2017.11.03

【ルヴァン杯決勝 プレビュー】「勝負強さ」を備えた鬼木フロンターレ…準優勝7度の過去と“決別”の時

川崎の歴史を誰よりも知る中村憲剛。悲願のタイトルを狙う [写真]=Getty Images
川崎フロンターレの取材を中心に活動。将棋界にも精通。著書に「将棋でサッカーが面白くなる本」(朝日新聞出版)。「川崎フロンターレあるある1&2」、「将棋ファンあるある」(TOブックス)。「サッカー脳を育む」(中村憲剛/ぴあ)では企画&構成も担当。将棋はアマ三段(日本将棋連盟三段免状所有)。

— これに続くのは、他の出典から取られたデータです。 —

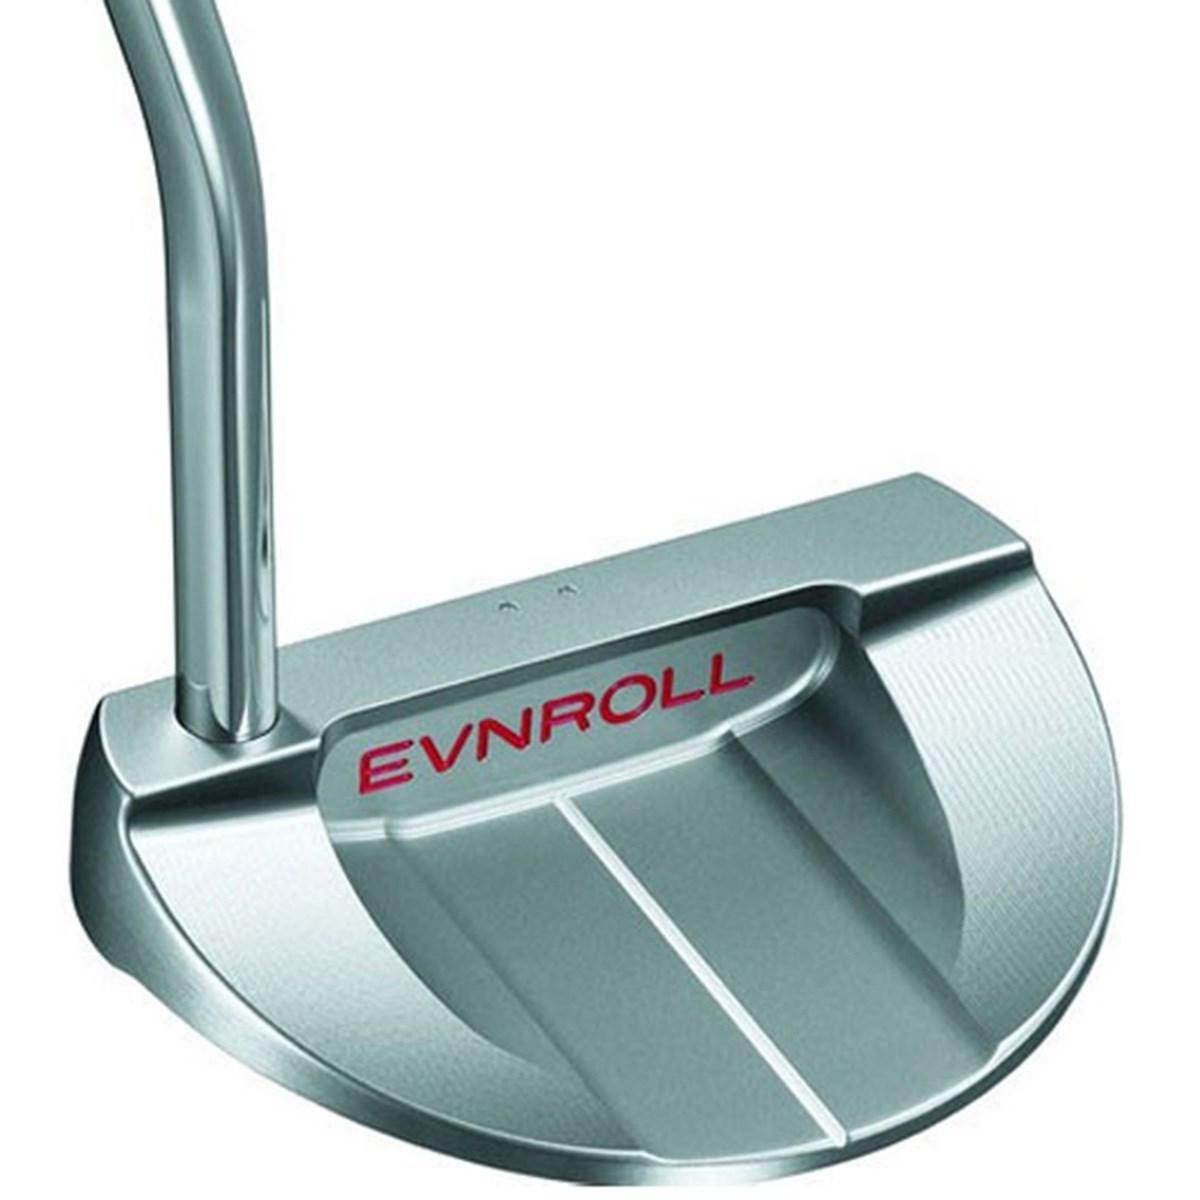 イーブンロール EVNROLL ER8 パター シャフト:FST.370 シングルベンド 34inch 【USモデル】

 8年越しのJリーグYBCルヴァンカップ・ファイナルの舞台となる。

 3大タイトルのうち、クラブは過去7度の準優勝を味わっている。ただ、それはあくまで“過去”の歴史だ。現在所属している選手たちの体験にある悔しさの源は、昨年のJリーグチャンピオンシップ準決勝や元日の天皇杯決勝である。そして今年の鬼木フロンターレは、あの時の悔しさからスタートしたと言っても過言ではない。クラブのバンディエラである中村憲剛が言う。

中村憲剛

天皇杯決勝は延長戦の末に敗れた [写真]=Getty Images

「あの悔しさから足りなかったものをオニさん(鬼木達監督)が植え付けてくれた。その結果、ルヴァン決勝まで来れたと思っている。準決勝も本当に苦しかったが、最後の最後まであきらめずにやった。総合力で勝ち上がってきたし、そういう意味では、みんなでやってこれた」

 風間八宏前監督が築いたボールを保持する攻撃サッカーに、ボールを奪われた時の切り替えと球際の強さ、そして勝利への執念を加え、今年は「勝負強さ」も備わった。そうやって、ここまでたどり着いた。

 この決勝戦は、準決勝で退場処分を受けた奈良竜樹が出場停止。その一方で、明治安田生命J1リーグ戦で2試合の出場停止だったエドゥアルド・ネットは出場可能だ。ケガで離脱中だった大島僚太、阿部浩之、チョン・ソンリョンら主力も復帰。全体練習に合流しているのは頼もしい限りだ。ガンバ大阪時代に3冠を経験している阿部は「監督が決めることですし」と断りを入れた上で、「ひざと相談しながら動ける状態を作ること。気持ち的には出たい」と出場意欲を覗かせている。そして、タイトルマッチ独特の難しさをこう語る。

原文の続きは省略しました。